Top of LISTED ENTRIES

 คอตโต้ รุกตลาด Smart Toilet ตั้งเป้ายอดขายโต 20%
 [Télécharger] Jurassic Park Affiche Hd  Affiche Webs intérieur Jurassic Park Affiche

Bottom of LISTED ENTRIES
Top of LISTED ENTRIES

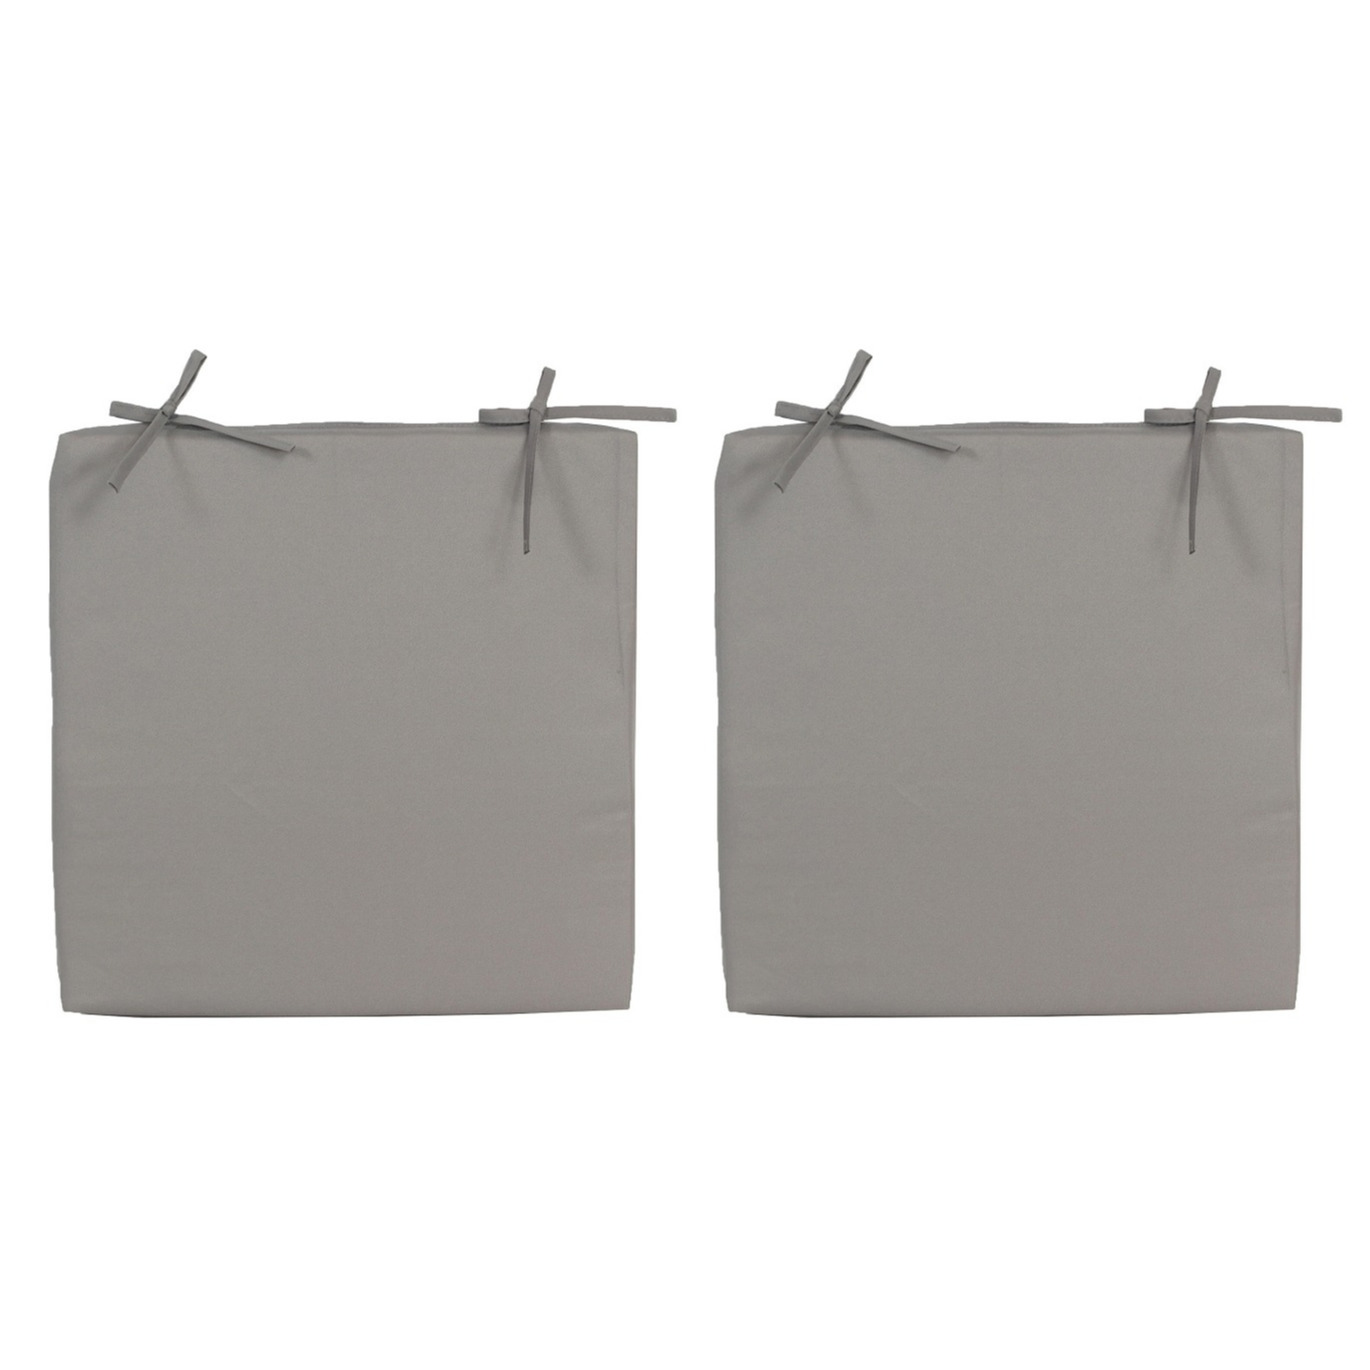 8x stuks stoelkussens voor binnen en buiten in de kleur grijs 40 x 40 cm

Bottom of LISTED ENTRIES
Top of LISTED ENTRIES

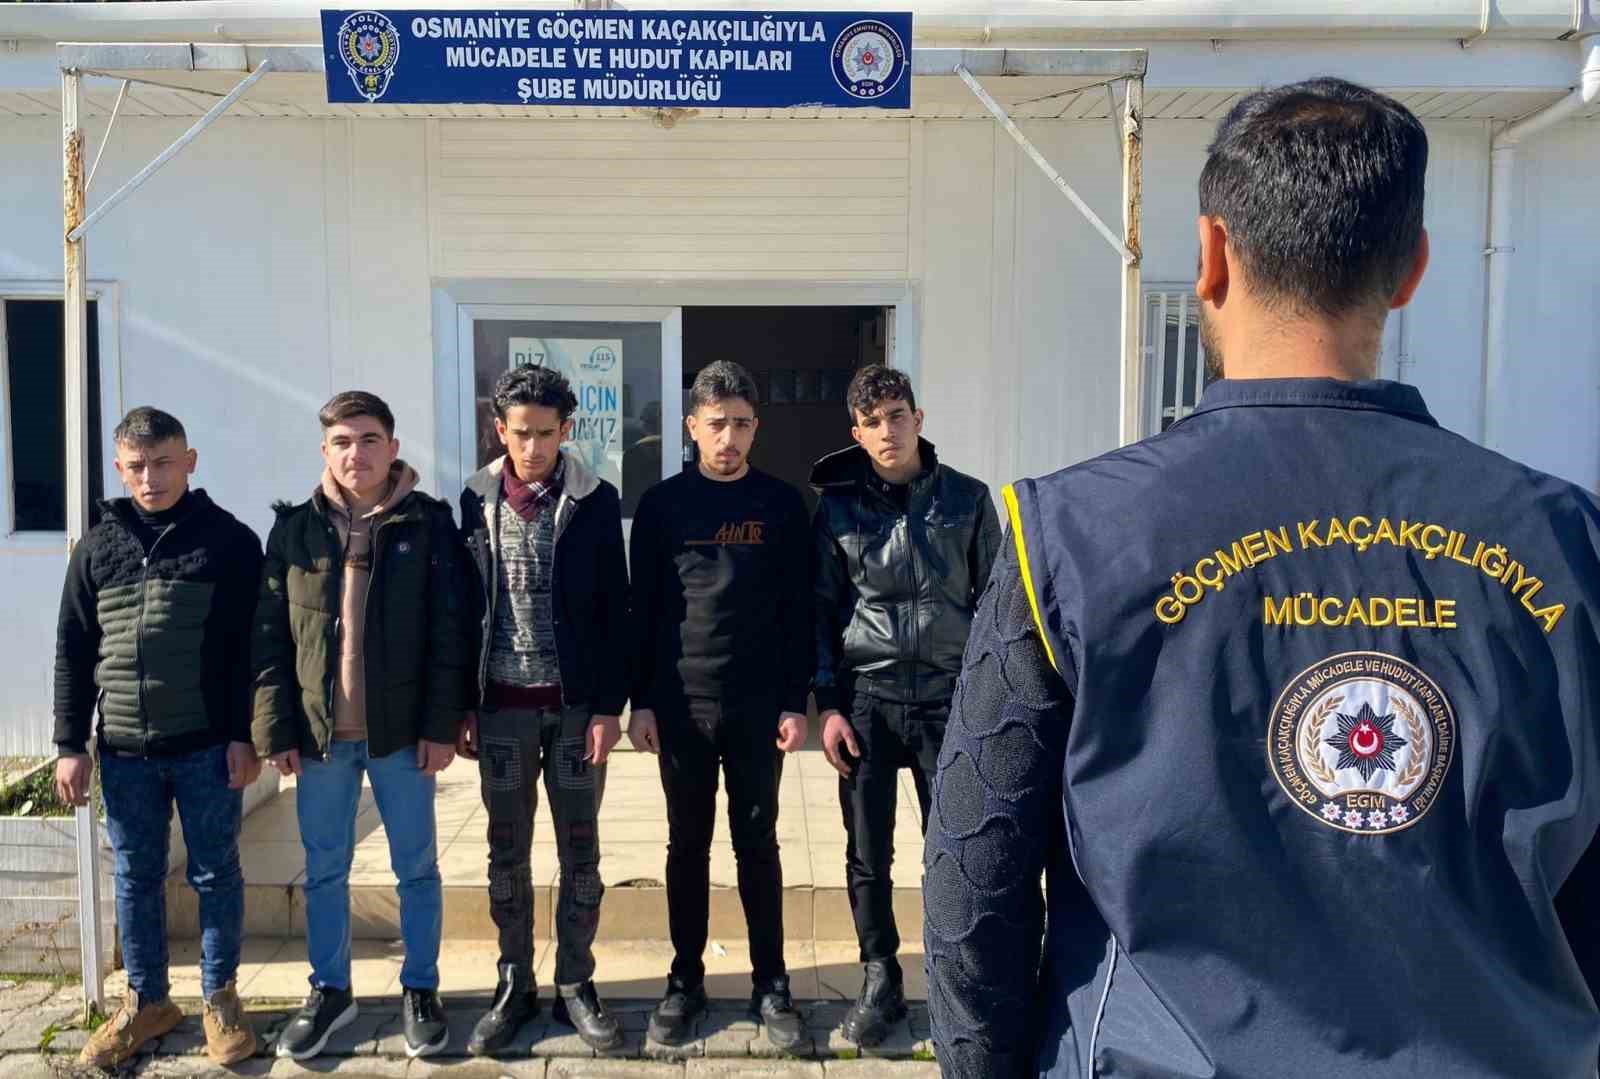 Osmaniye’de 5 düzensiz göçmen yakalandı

Bottom of LISTED ENTRIES

— ACTIVITY —
Repeat the entries above verbatim, but only from the line that has "คอตโต้ รุกตลาด Smart" down to the line that has "[Télécharger] Jurassic Park", inclusive.

— EXPECTED ANSWER —
 คอตโต้ รุกตลาด Smart Toilet ตั้งเป้ายอดขายโต 20%
 [Télécharger] Jurassic Park Affiche Hd  Affiche Webs intérieur Jurassic Park Affiche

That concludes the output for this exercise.